Consider the more complicated version:
- Increase the power threshold. To do this, start to use weights in a gym vest or CDs (ask friends or coach to set the pancakes on the back during your push-UPS). As practice shows, when you learn how to do push-UPS with weights 50 times, then regular push-UPS in a hundred repetitions will not be difficult.
- Remove the sketch reflex. During exercise the muscles in response to strong stretch reflex are committed to reducing and Vice versa. It's called sketch-a reflex. It we lose, if while performing push-UPS at the bottom completely will go to the chest on the floor and tear away the palm from the floor. This type of pushup to do much more complicated as increased mechanism of muscle and amplitude.
- Cycle leg. In the push-UPS can be very good to study the muscles of the legs, press and increase load on the Delta hands – for this you should try Dutch push-UPS (also known as "grasshopper"). The exercise is the following: in the bottom of the pushup hold, lift a couple of inches one foot from the floor and move it aside (do not bend). Return leg through the back, put it on the floor, straighten the arms. In addition, develops mobility of the hip joints.

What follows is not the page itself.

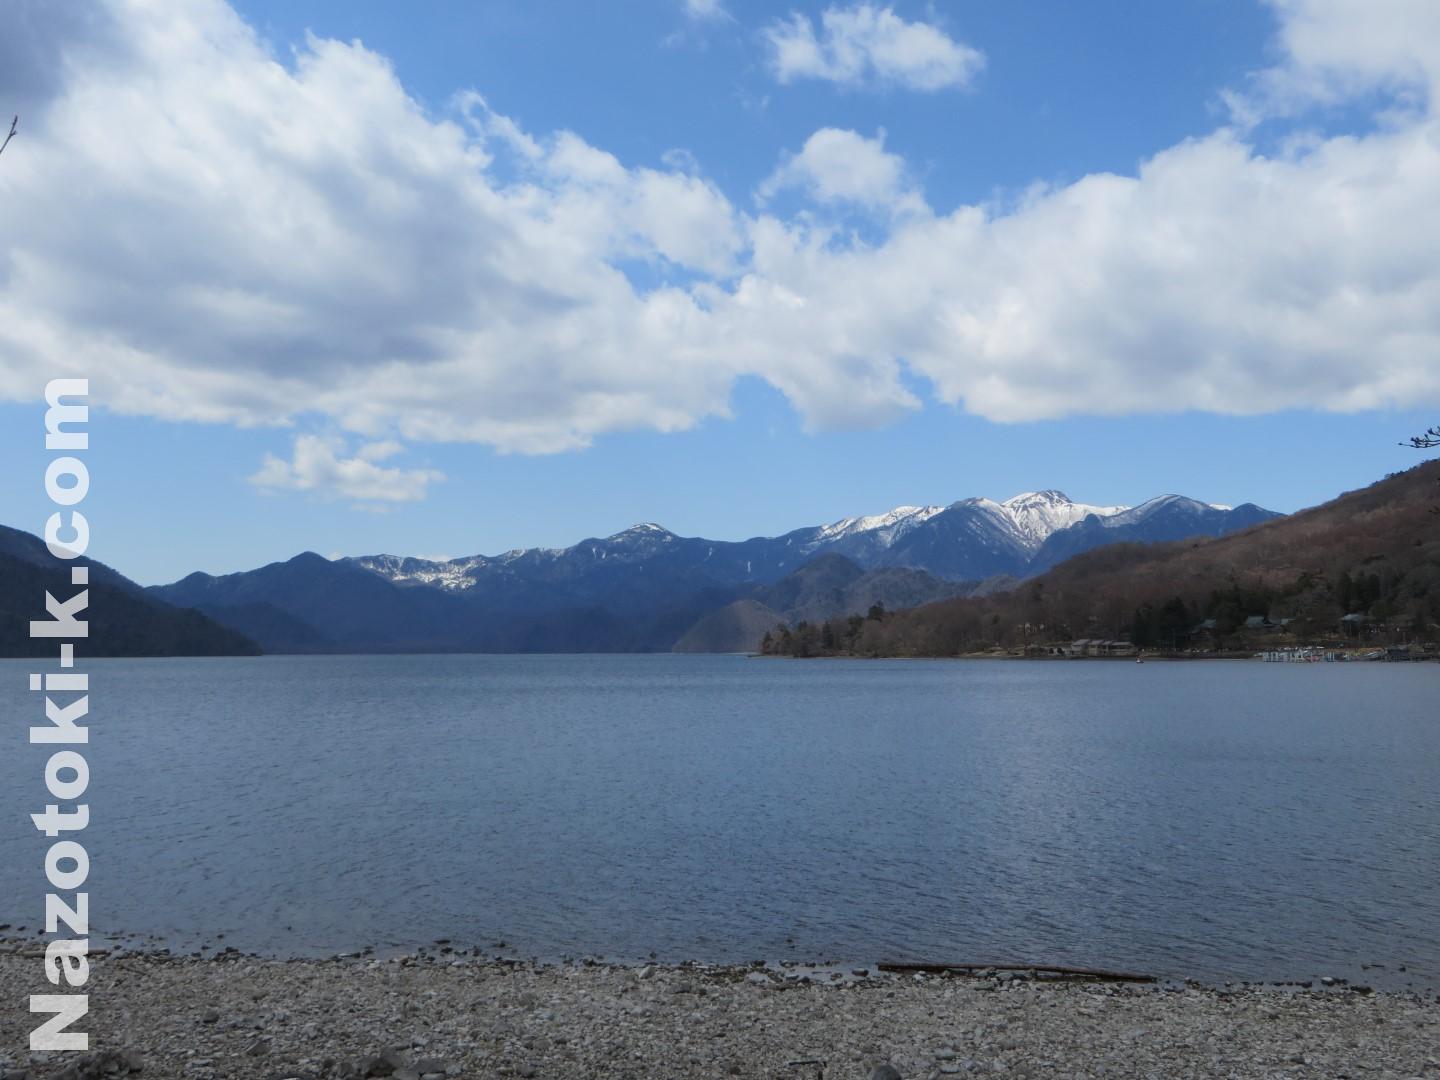 2021/04/13 中禅寺湖の遊覧船と湯滝

- Exercise from the floor on just one hand. When performing exercises discharge is allowed one support leg to the side (otherwise balance will not work). Push-UPS on one handwell builds up the muscles of the shoulder girdle.

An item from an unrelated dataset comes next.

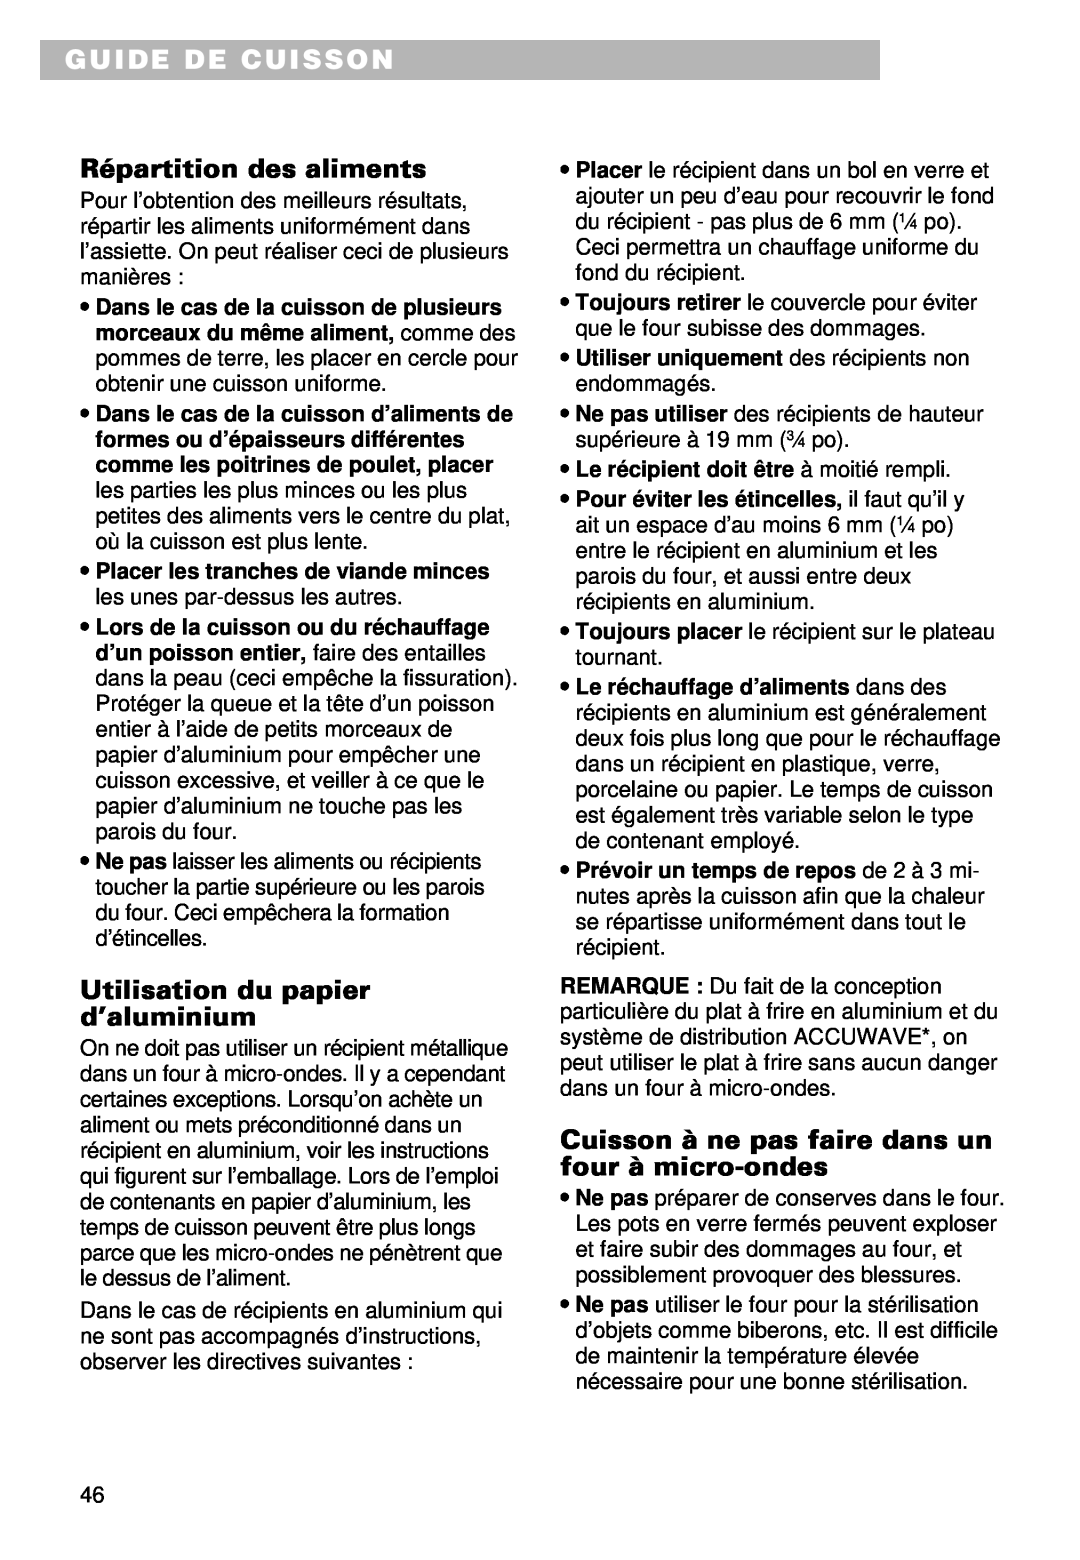 Whirlpool YMT9102SF, YMT9092SF Guide De Cuisson, Répartition des aliments, Utilisation du papier d’aluminium

- Try the "American spin". Quite a complex exercise performed in the following way: the initial supine position, hands slightly wider than shoulders, feet shifted forward towards the head (the legs were slightly bent at the knees, and the pelvis elevated to the ceiling). On the exhale, lower your pelvis to the side (you have to touch the floor only one side, not to overwhelm), simultaneously bending your elbows. Return to starting position.
- Exercise from the floor with their fists. Is the same as the basic exercise, but the emphasis is not on the brush, and on the knuckle. You need to try to distribute the weight on the knuckles of the index and middle fingers, since they are the most durable. This type of pushups are useful to those involved in martial arts (more complex variant – push-UPS on your toes, but it is very traumatic and requires a lengthy training).
- Make Japanese push-UPS "uchi-Mati. Used for training judo and strengthens the extensors of the spine, glutes and entire core. As follows: in the starting position lift one leg off the floor, pull it parallel to the floor. Scroll down hands, hold up, lift your leg as high as possible, take the hands and return leg to starting position (do not touch the leg of a floor during the whole approach).
- Exercise with accents (this is a push-up is called "English" or "opposite"). In the initial position put one hand just above (shoulders be not on the straight and diagonal lines), and lift the opposite leg off the floor. Do not sit when performing descents and ascents. Such clamping allows you to load a direct abdominal muscle and hip flexors.
- Try Russian push-UPS. Unlike the classic push-UPS is that it is running with the support of the brushes on the front of you weight. When you fold your hands it is necessary to try to descend. Unstable support allows you to add the load on the shoulders and forearms, increase the rotation of the humerus, it is good to work hand capture (it affects the force of impact).
- Work the back with push-UPS "diver". The original stand – relying on hands and feet with a raised pelvis and his head down (in yoga this position is called "dog looking down"). Bend your arms at the same time and make a wavy movement of the body – as if through a gap under the low gate. Gently lower the pelvis and legs toward the floor, arching your back and lifting his head. Repeat the movement in reverse order. This exercise is very useful for the spine.
Finally once again please note: despite the simplicity of the program push-UPS, it is able to cause harm, if you do the exerciseswrong. Practice carefully, do not load the muscles at once, increase the level of difficulty gradually, and keep breathing. Exercise regularly, do not skip classes. The only way you will be able to achieve high results and a good pump with push UPS the muscles of his arms, chest, bark. Good luck in the sport!